# long distance affair



## DB in PA (Feb 25, 2009)

OK, here goes. In summary, about 12 years ago on a dare from co workers my wife contacted an old flame. She had preveously told me while we were dating that she had been very much in love with this person, but one day he just left,joined the army, and never told her or contacted her again. So back to the begining..She did call this person on the dare, talked with him, they connected verbally. Over the next month her behavior changed around me and the house. Ibegan catching her up way early on the computer, or very late at night. at first I did not think much, since she was back in college getting another degree, but then it seemed to be an obsession with her, every day, she was distant, even no connect on on wedding aniversary. 
I was on the computer one day cleaning up filkles, then found many,many internedt history to a msn mail account. This struck me as very odd, since we had an e mail account. I snooped and then found it to be a hidden e mail account that she had been aacommunicating with this person almost every other day for about a month. He even sent her porn and scanned photos of himself. This person lives about 12 hours drive from us so I was not concerned about a physical relationship, but was very hurt, ened up on meds for the anxiety, and confronted her with these facts. She lied and said they were just old friends connecting. I called him and confronted him. Same story here. My wife said that she would not contact him any more, that there was not an issue.

There have been one more time that I found out she was talking to him. About a year and half ago she got a new cell, and I was programming it and transfering the contacts for her, then I found his information again. I blew uo! The intimate betrayal hurts so bad. My wife will not talk to me, nor tell me what is bothering her, I assume this is due to her long distance intamacy with this guy. We went to marraige councling and she insisted that they were just pen pals. again, there is half the country between us. I did on line search and found his contact info, even for his wife.

Last week I was putting laundry away and found all this stuff. All his contact info, naked photos she saved of him on a disc, and even printed directions to his home, 11 1/2 hour drive it said. the date on the print out was just after I caught and confronted her. I just sat on this info. 
I also know that she has received calls on her cell in the past month from this guy, as our teen age daughter has had usage issues andI have been checking that on line. I do not think my wife has a clue that it list each and every call for all of our phones. So, I have a file that proves she is still talking allot to this guy.

Every time my wife has a breakdown and we do try to talk, she just say's she can't have what she wants. I think she is still in love with this guy, and they want each other, but that just my gut. 

Friday I lost my job. I am home starting today collecting Unempployment. I think she knows I found the items, and does not know what to do, because this time I have kept quiet. I am just sitting on the info.
I want this to stop, and I want revenge

HELP. I just do not know what to do here. We have a family, and a good life together for the most part.


----------



## Ted (Mar 2, 2009)

DB, I'm very sorry for your pain, and now job loss. I have recently gone through something similar, but my wife was able to come clean to me about everything, including an affair. It has been the worst time of my life, but we are healing from this.

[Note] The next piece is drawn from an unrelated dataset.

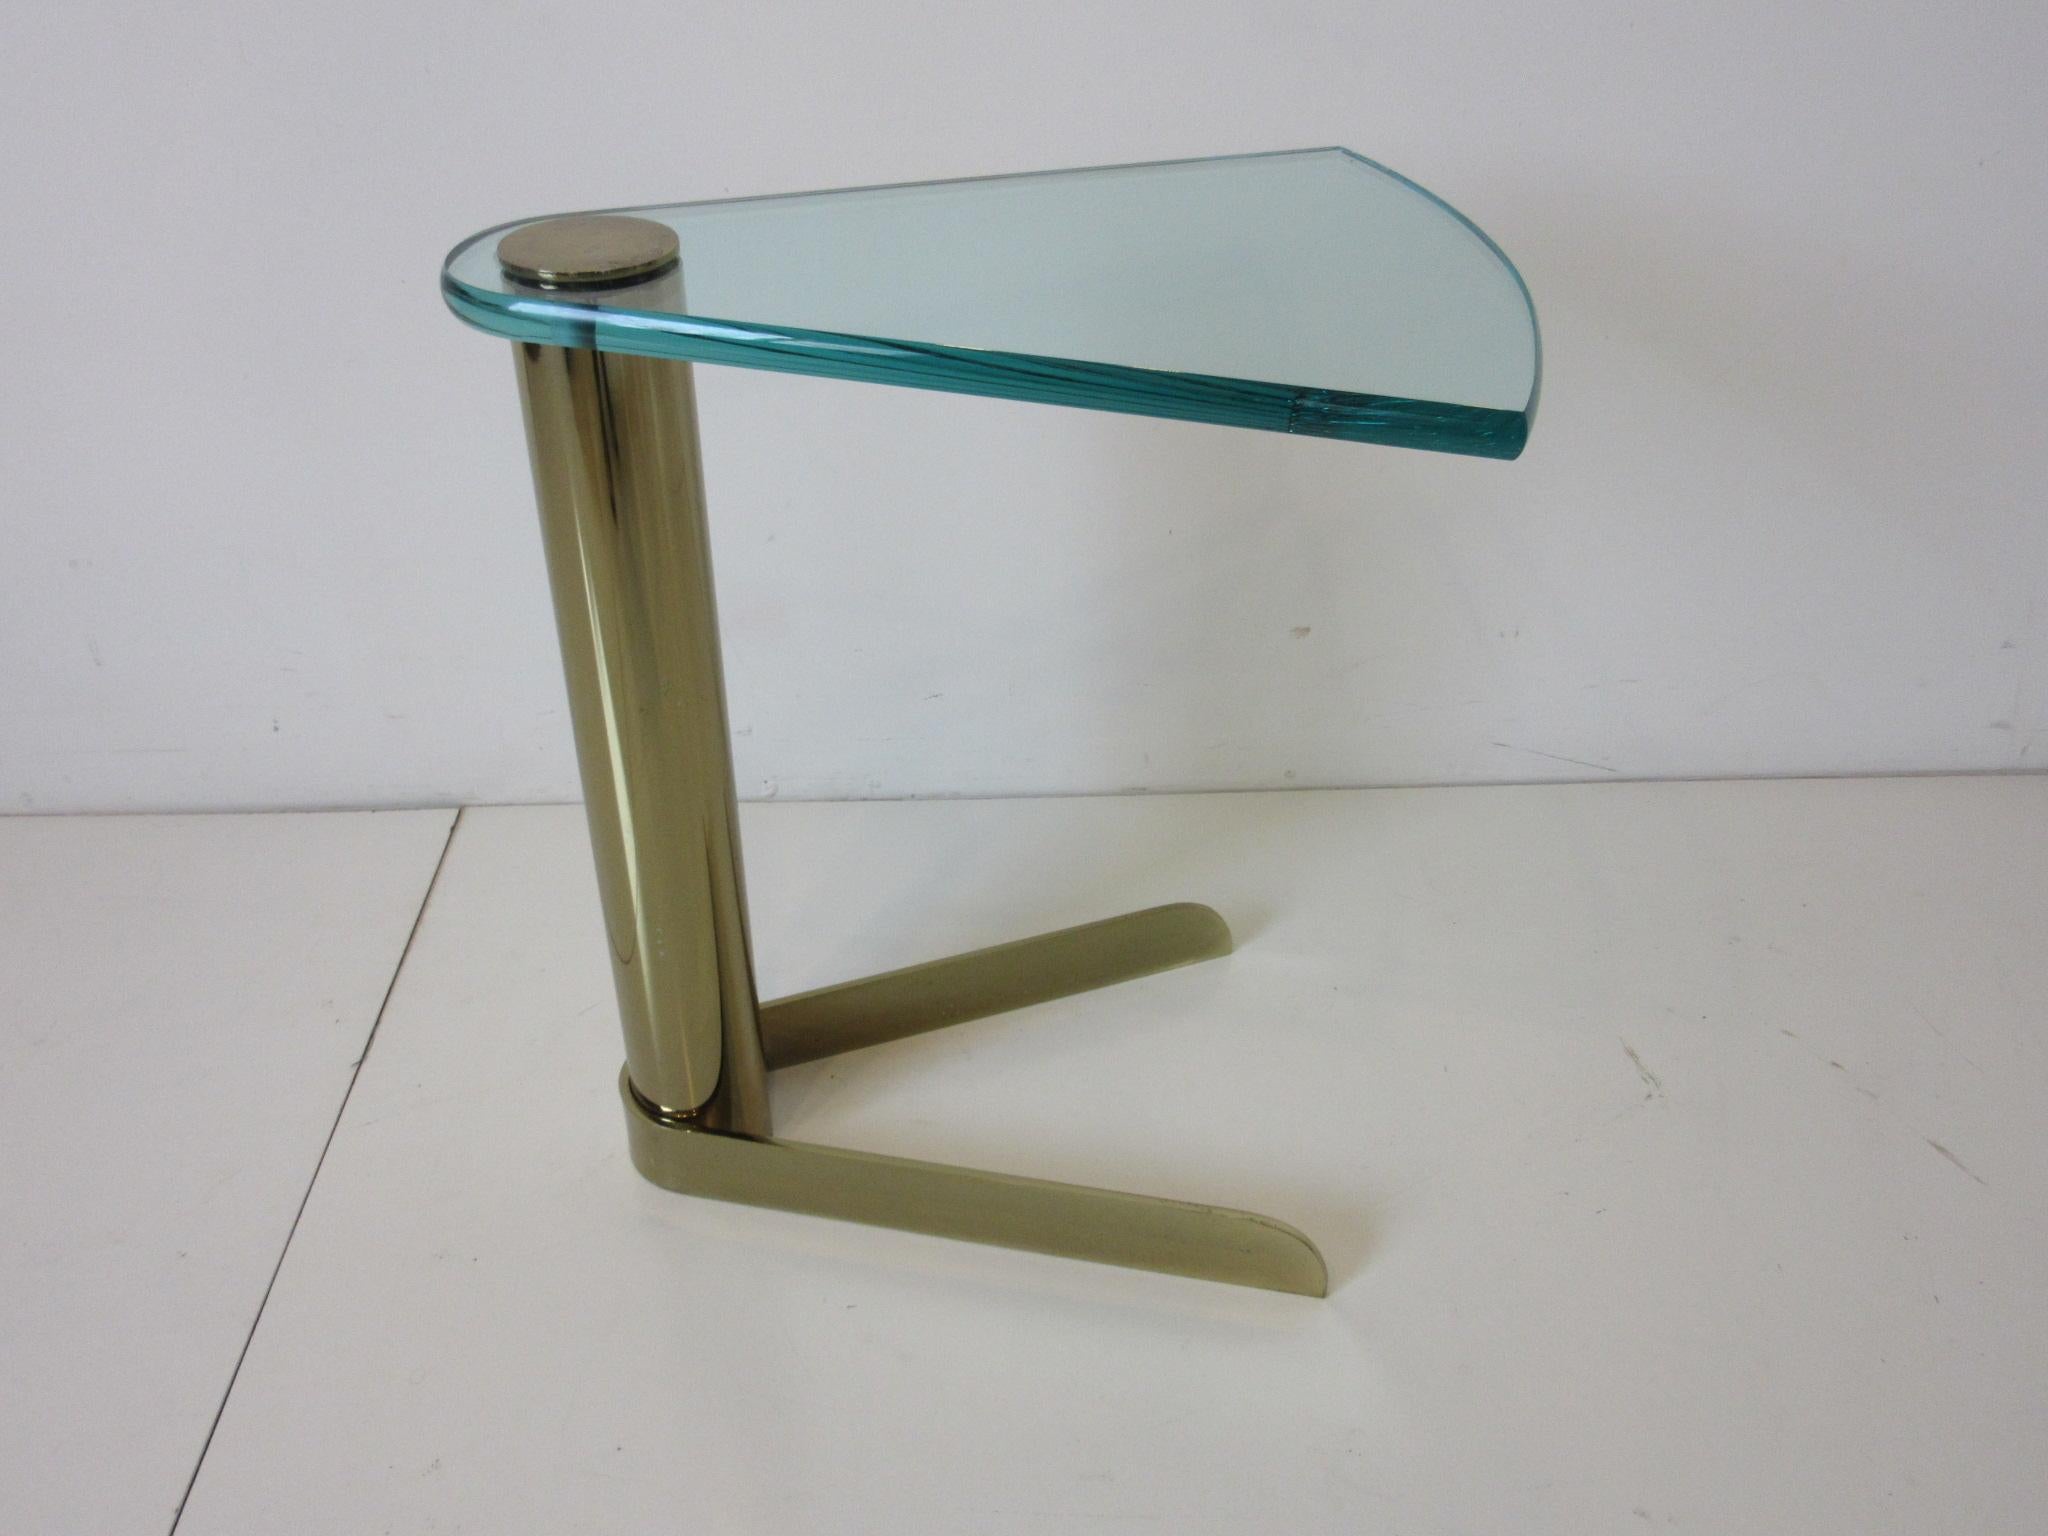 A very well crafted, fine and rare brass and plate glass Wedge side or cocktail table designed by Leon Pace. This elegantly designed modern side table fits with a comfortable lounge or club chair having just the right size, glam and richness that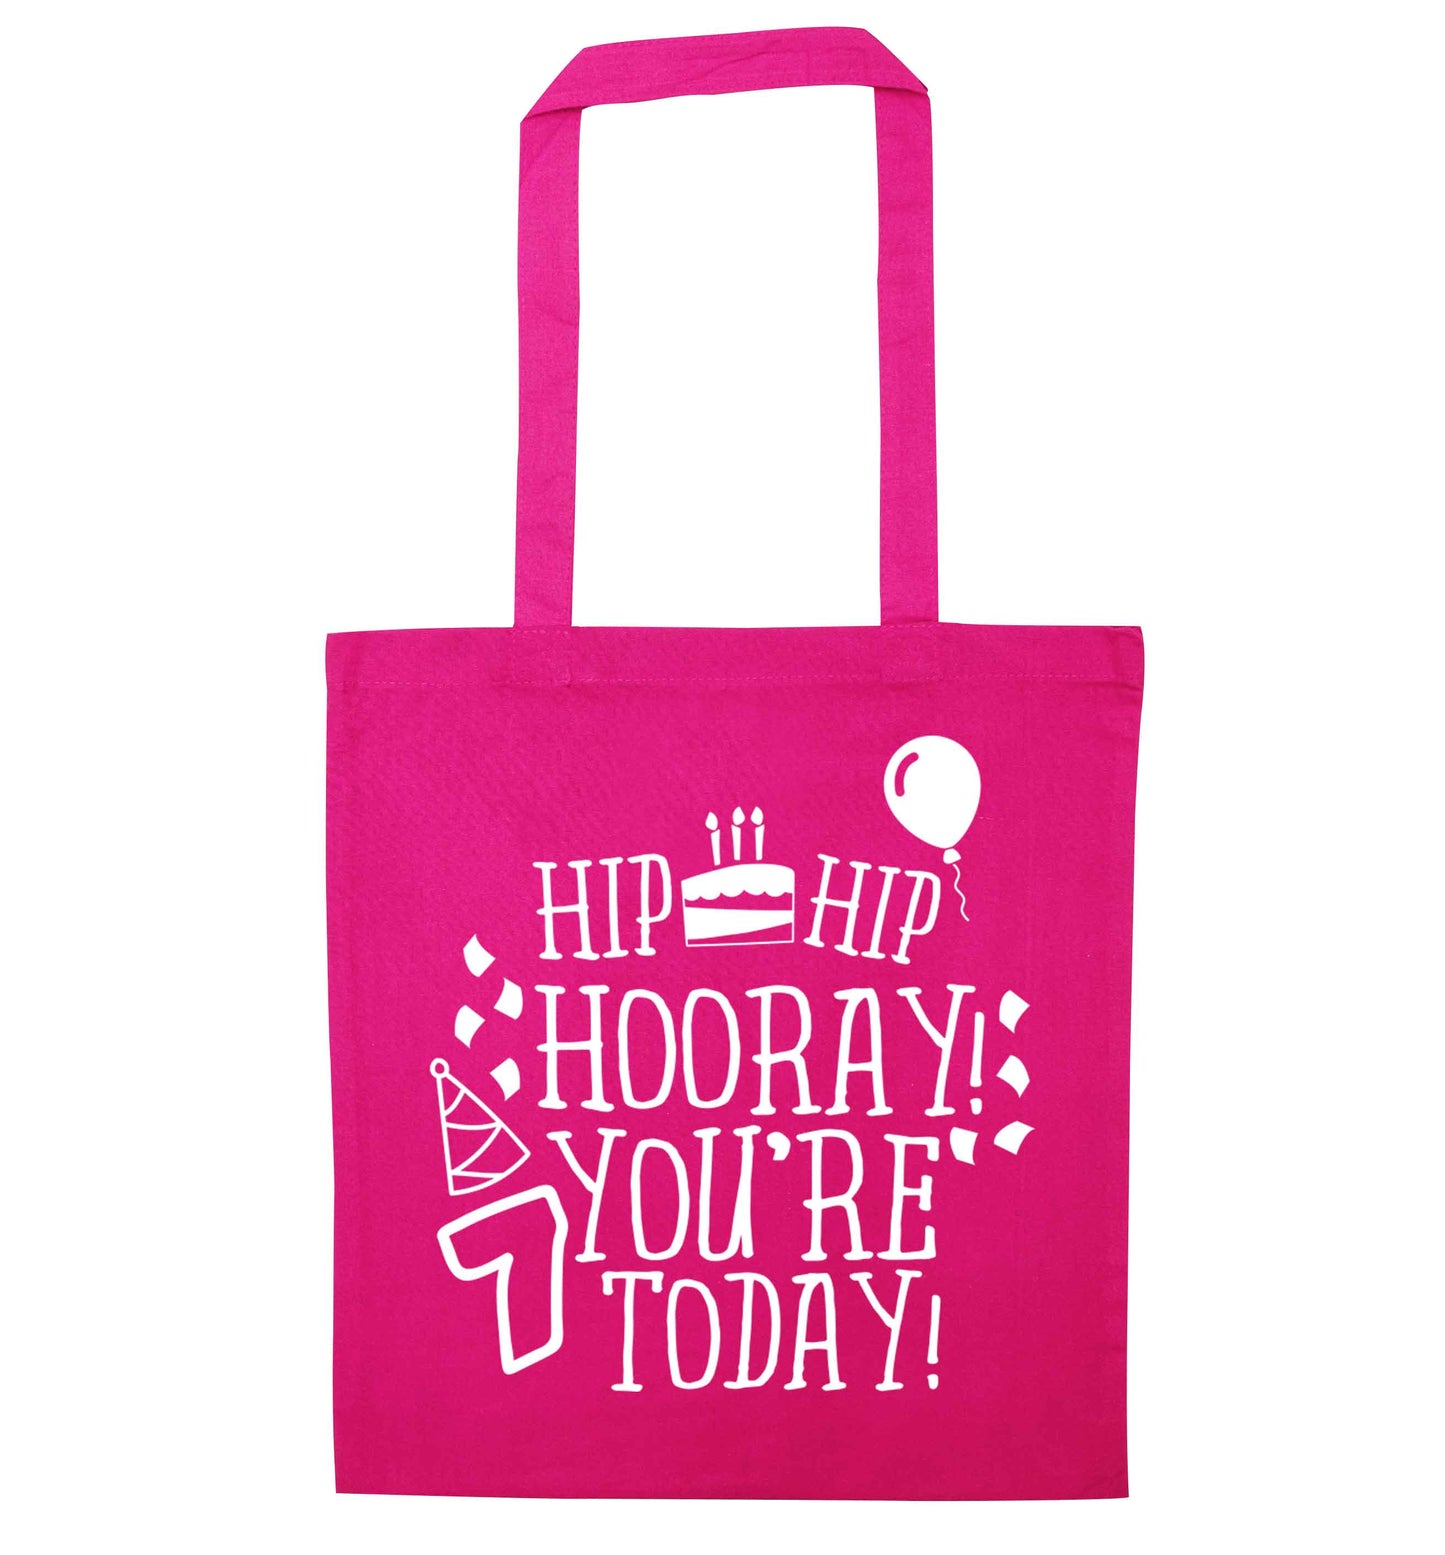 Hip hip hooray you're seven today! pink tote bag

From this post and one of your others, It's my impression that she is dealing with a lot of guilt from this, but at the same time wants to live in this fantasy world she has created online with TOM. Until she can be totally open, I'm not sure you will be able to move forward. 

I had one question on the time line. You said she made contact 12 years ago? Has it been going on this entire time? Or just on again off again? or just started up recently again?

My advice would be to confront her, and tell her that you need her to be honest and share everything (be ready for the worst, even with 12 hours apart, she may have hooked up with him. My wife's partner lived 6hours away from us, but they managed to meet while I was totally oblivious)

I wish you the best


----------



## DB in PA (Feb 25, 2009)

Thanks Ted, as far as I know it has been on and off, but I think that If my wife wanted to hide it from me, she is smart enoigh to do that. As of right now, I feel that it has been going on the whole time. right now the evidence that I have would suggest that she started back up in spring of 07 and the two calls logged on the cell account last month. I feel that I have been just a dumb smuck at this point.


----------



## Ted (Mar 2, 2009)

Well I know it probably doesn't help, but I think everyone on this board who has been cheated on (physically or emotionally) feel like "dumb schmucks" too. I know I did.

I hope you can get to the truth, so that you can either rebuild your marriage, or worst case scenario, decide it's not worth saving.
Either way that decision is much easier to make once you know the truth.


----------